AIM OF THE EXERCISE:
You are asked to reproduce the listing exactly and to omit its pictures.

INPUT DATA:

BEGIN

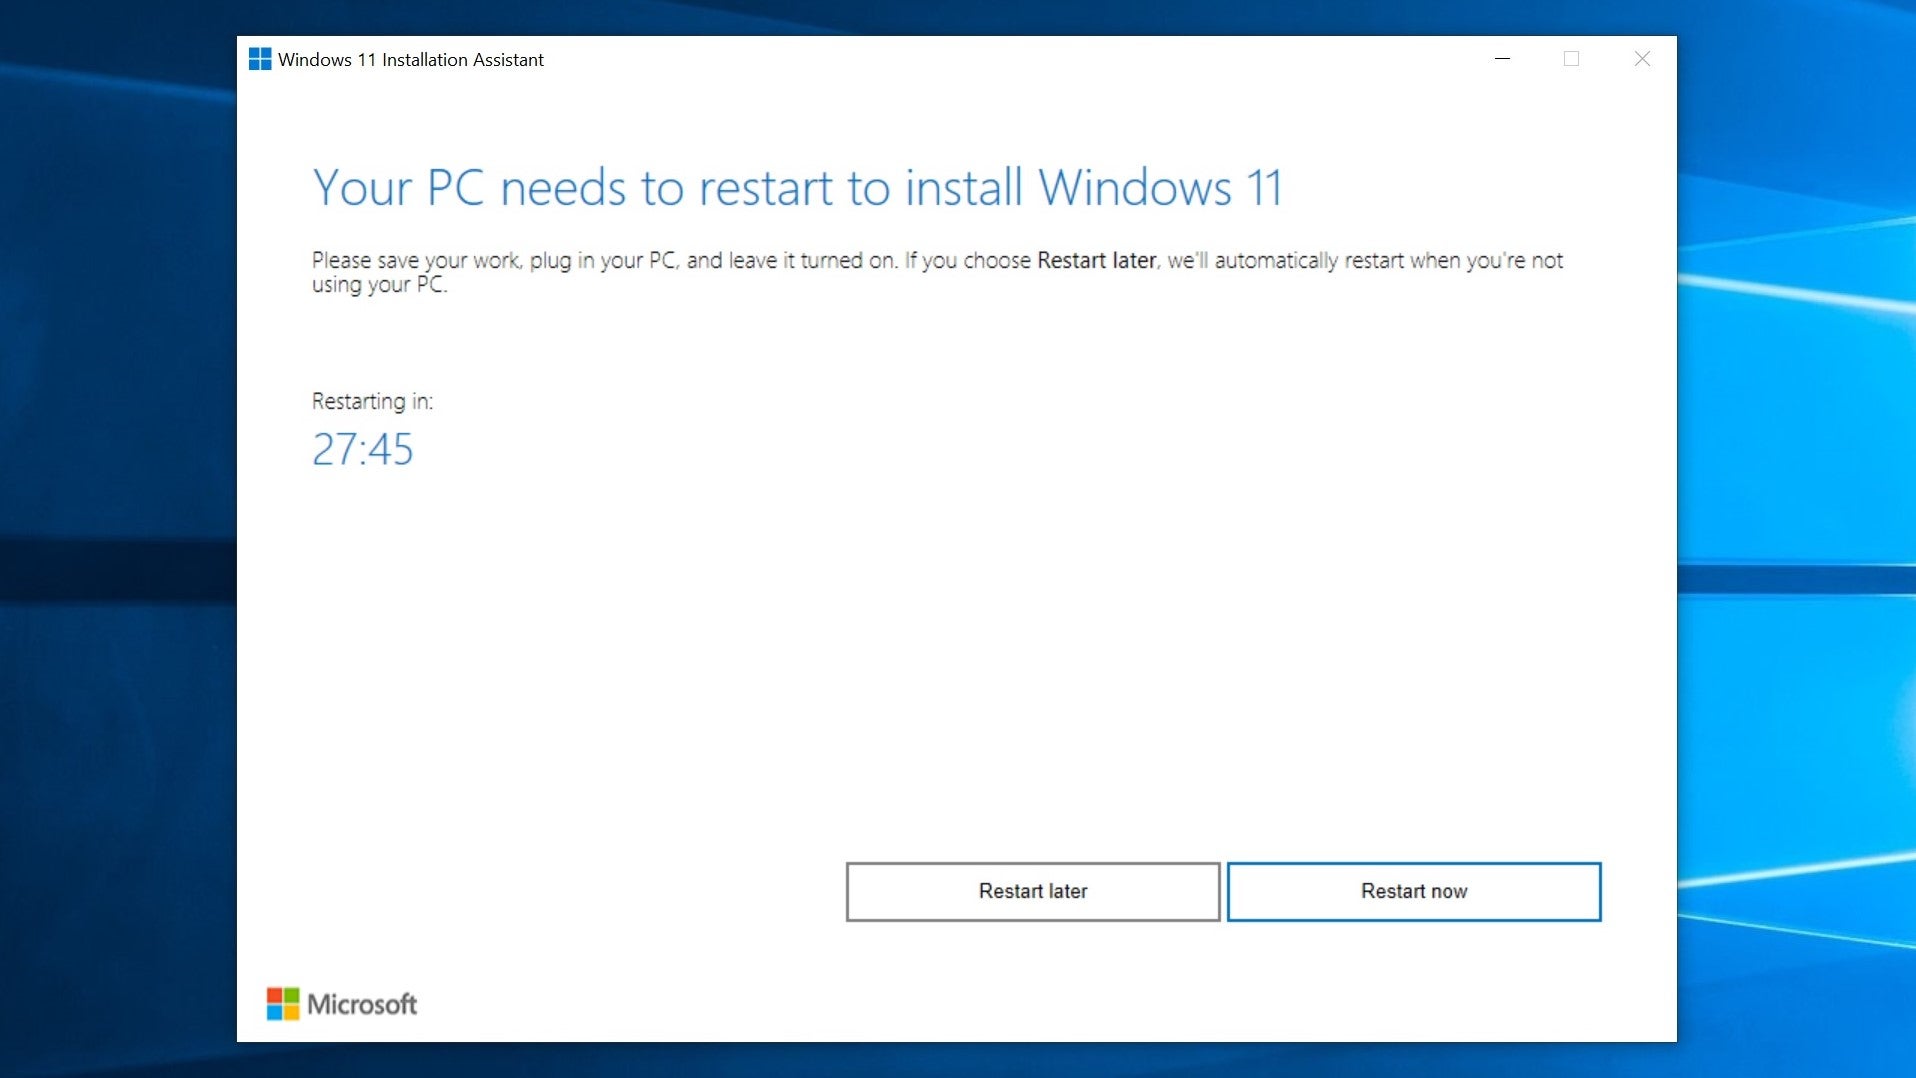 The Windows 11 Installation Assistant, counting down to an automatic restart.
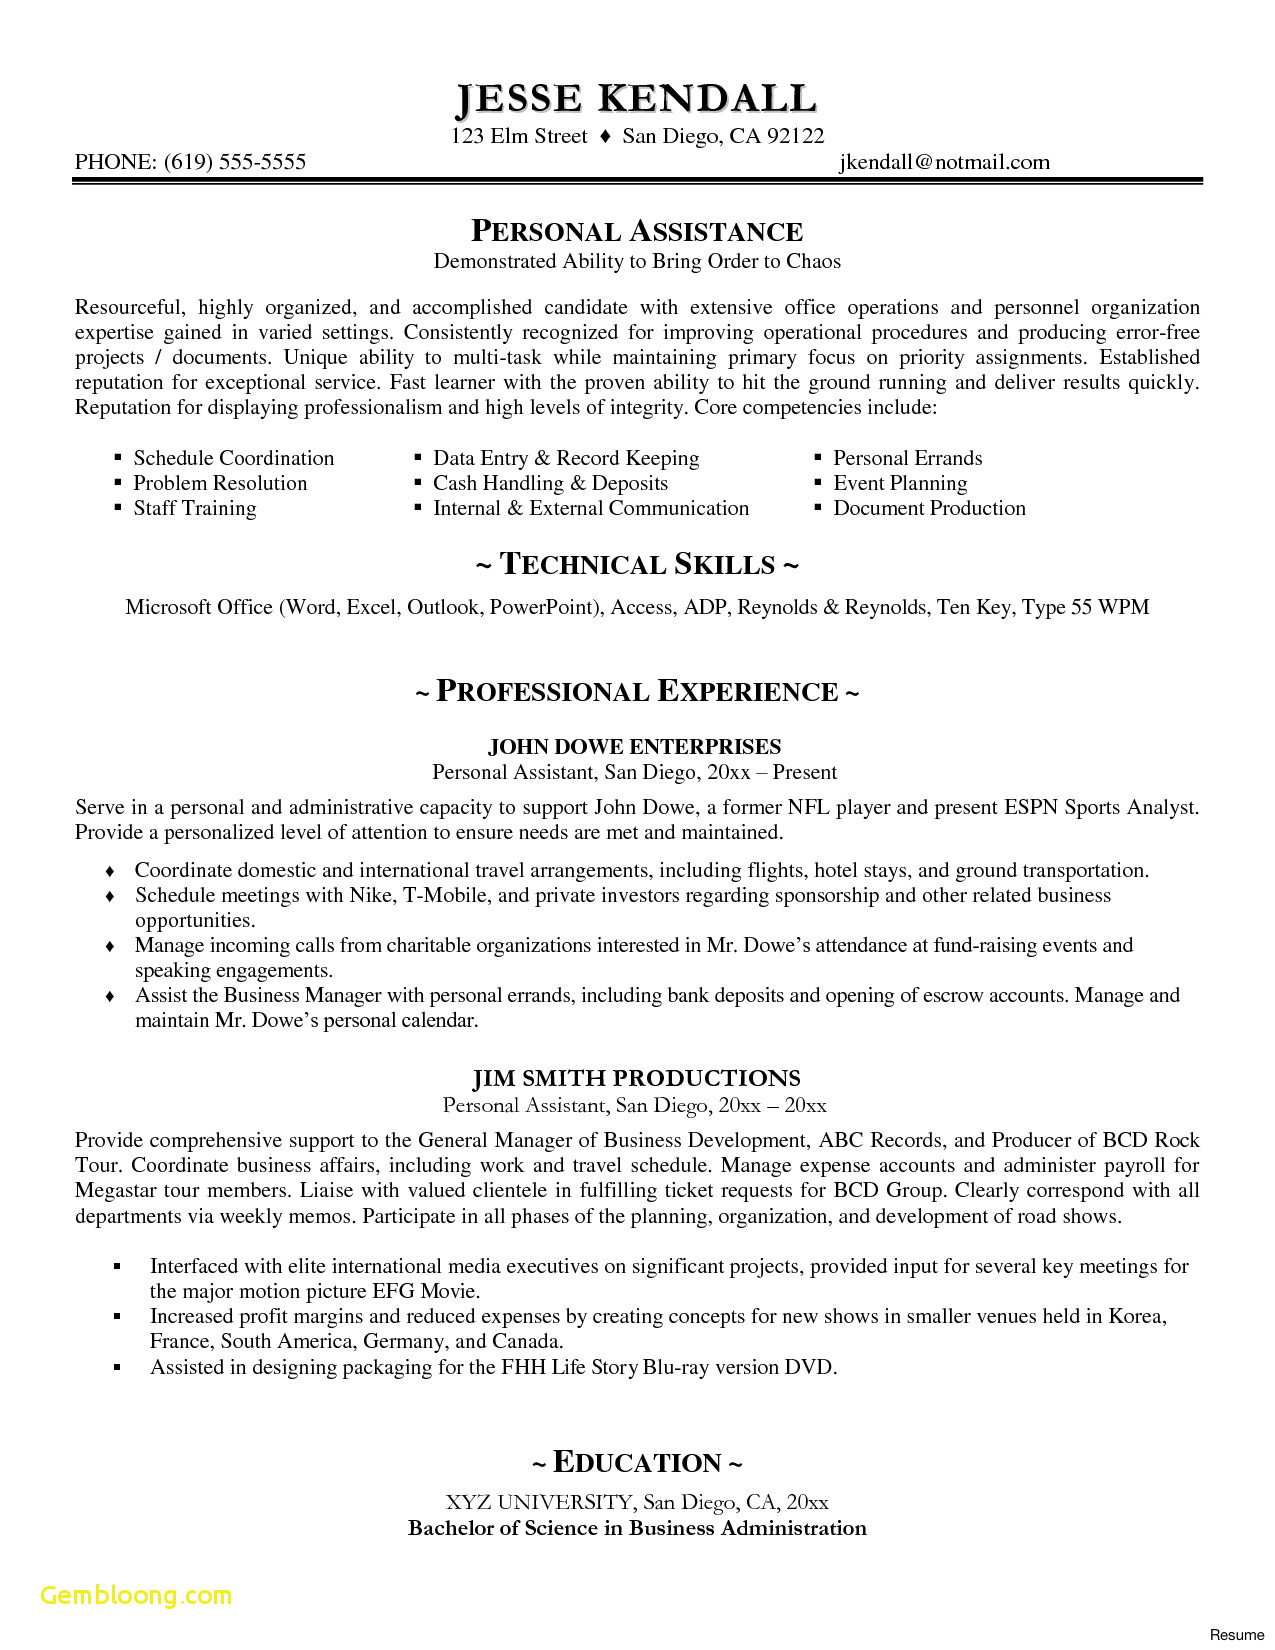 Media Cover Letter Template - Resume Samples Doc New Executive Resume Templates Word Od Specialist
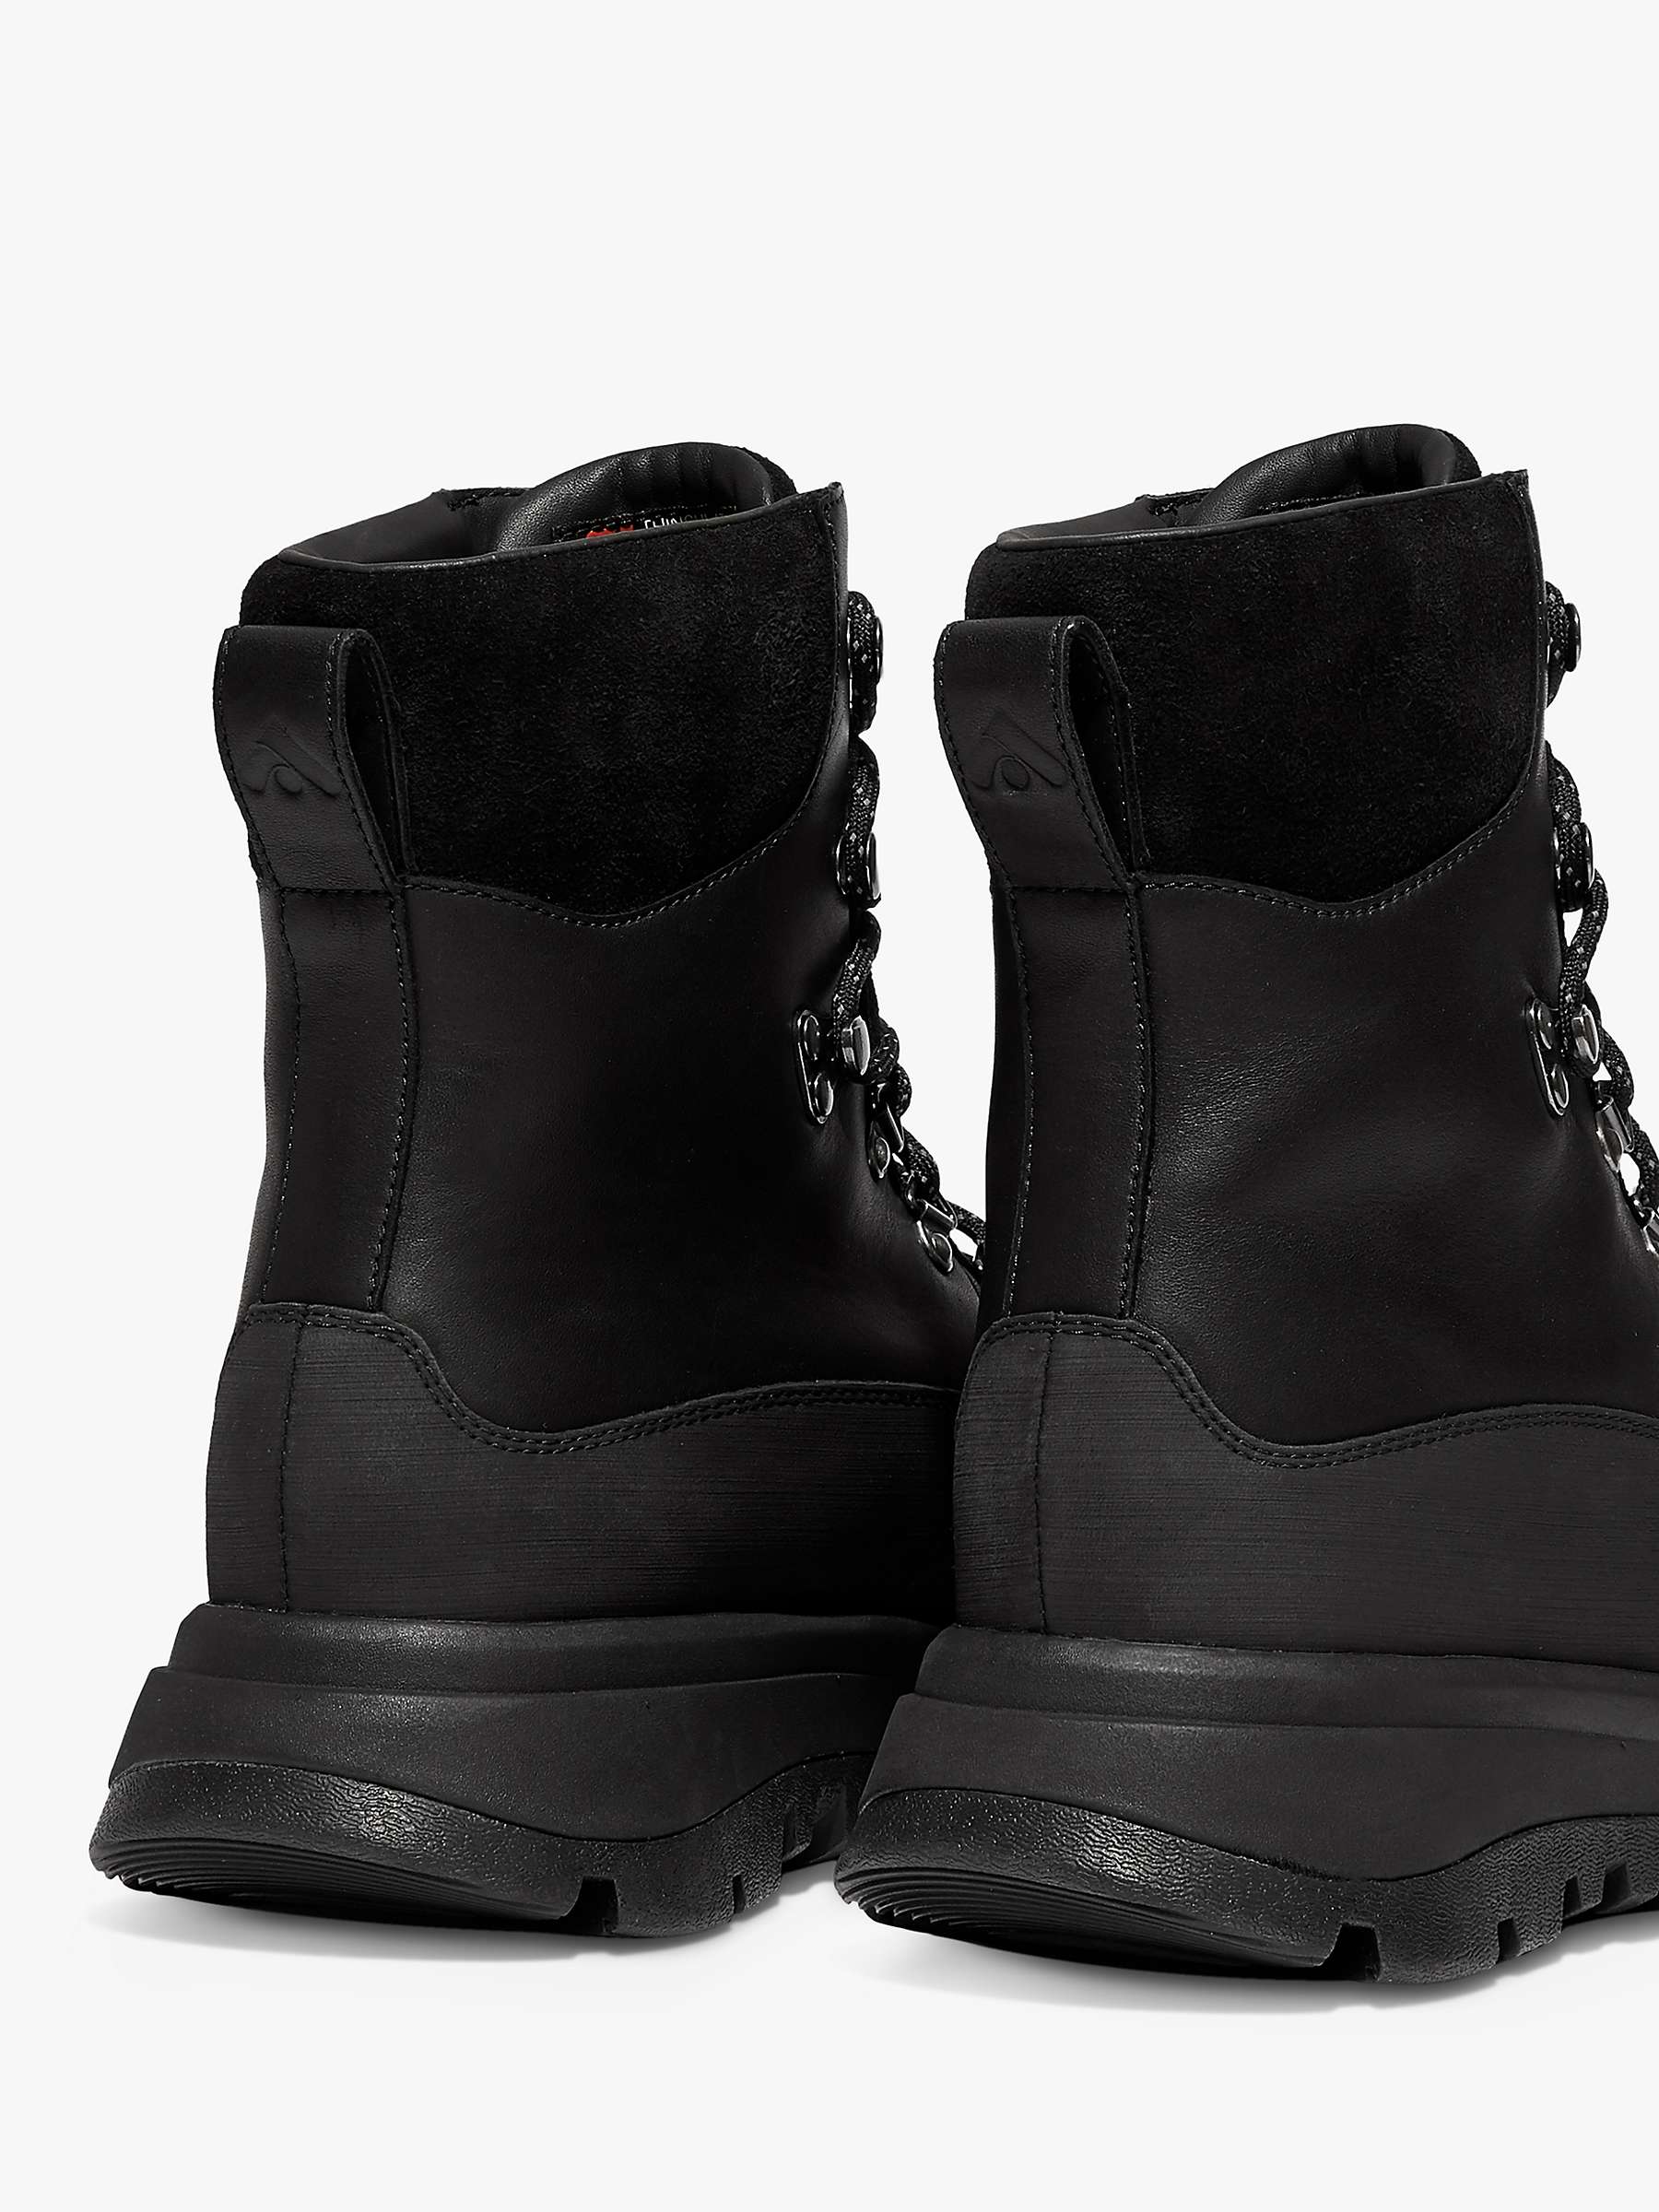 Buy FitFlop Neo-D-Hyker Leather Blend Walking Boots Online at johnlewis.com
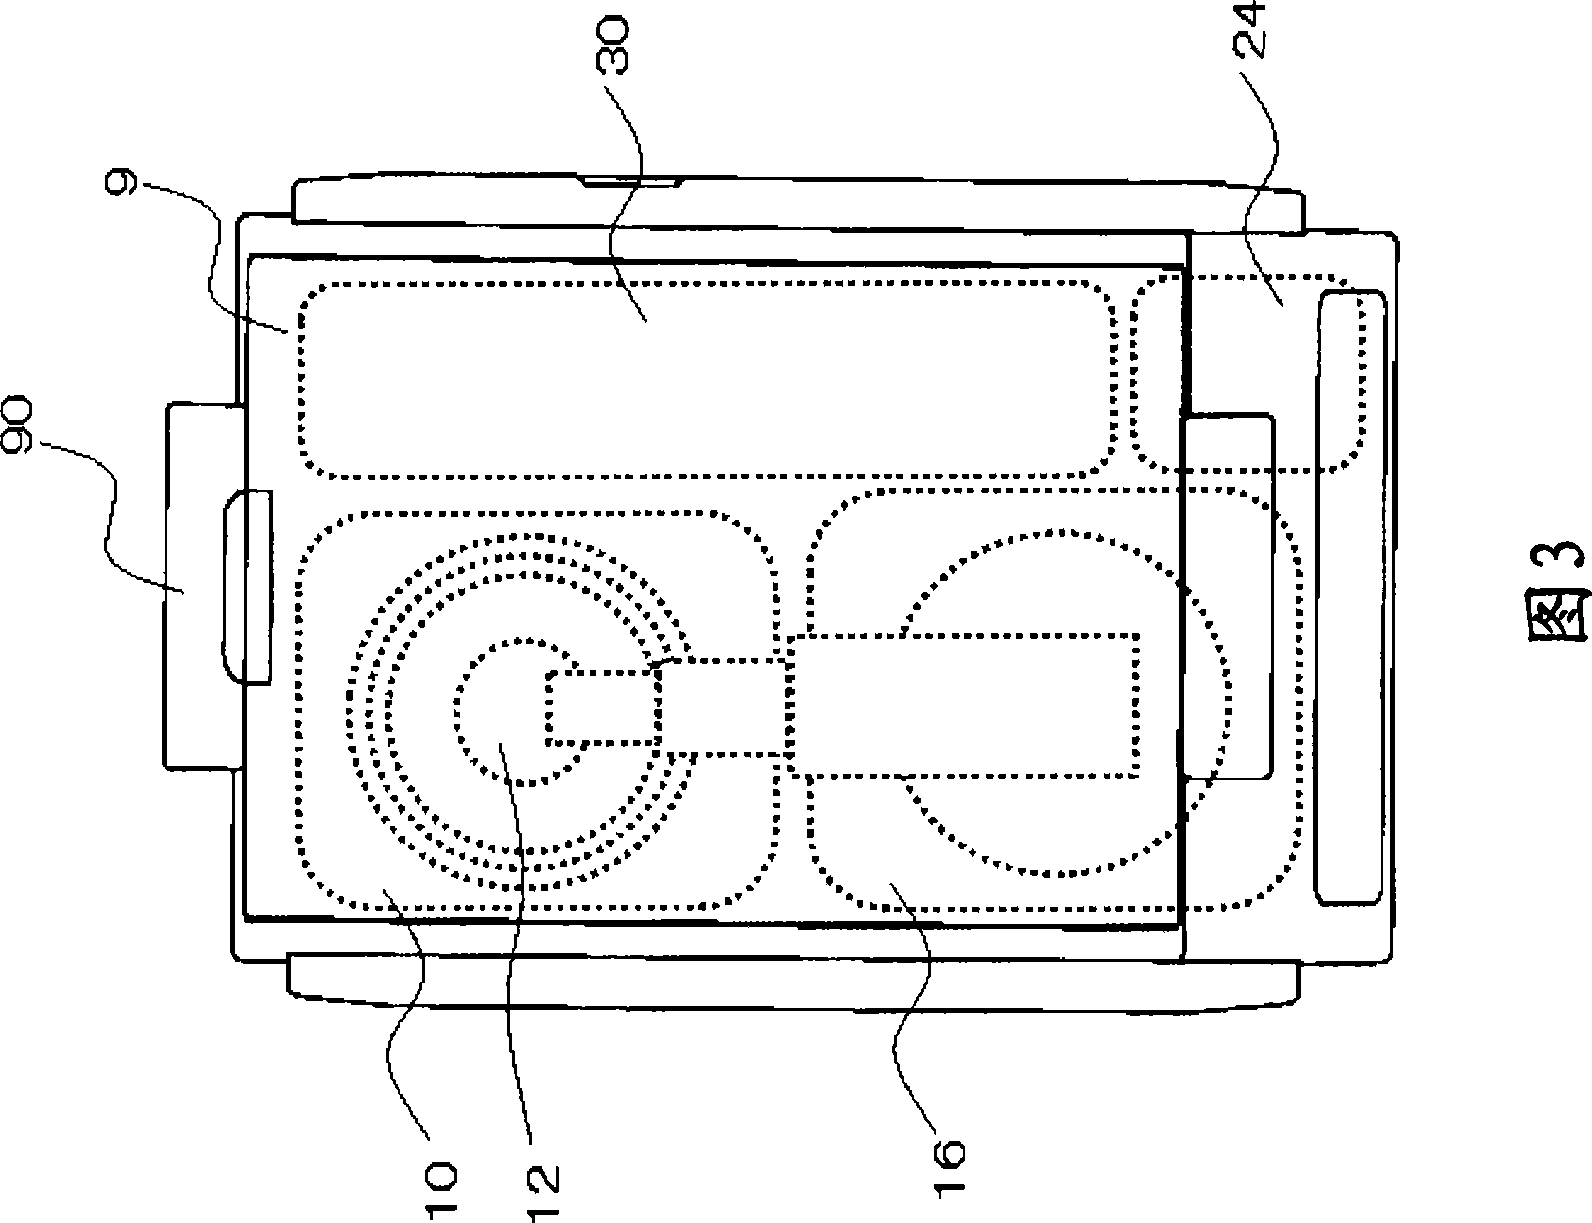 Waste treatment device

END

WRITTEN ANSWER:
 The Windows 11 Installation Assistant, counting down to an automatic restart.
 Media Cover Letter Template - Resume Samples Doc New Executive Resume Templates Word Od Specialist
 Buy FitFlop Neo-D-Hyker Leather Blend Walking Boots Online at johnlewis.com
 Waste treatment device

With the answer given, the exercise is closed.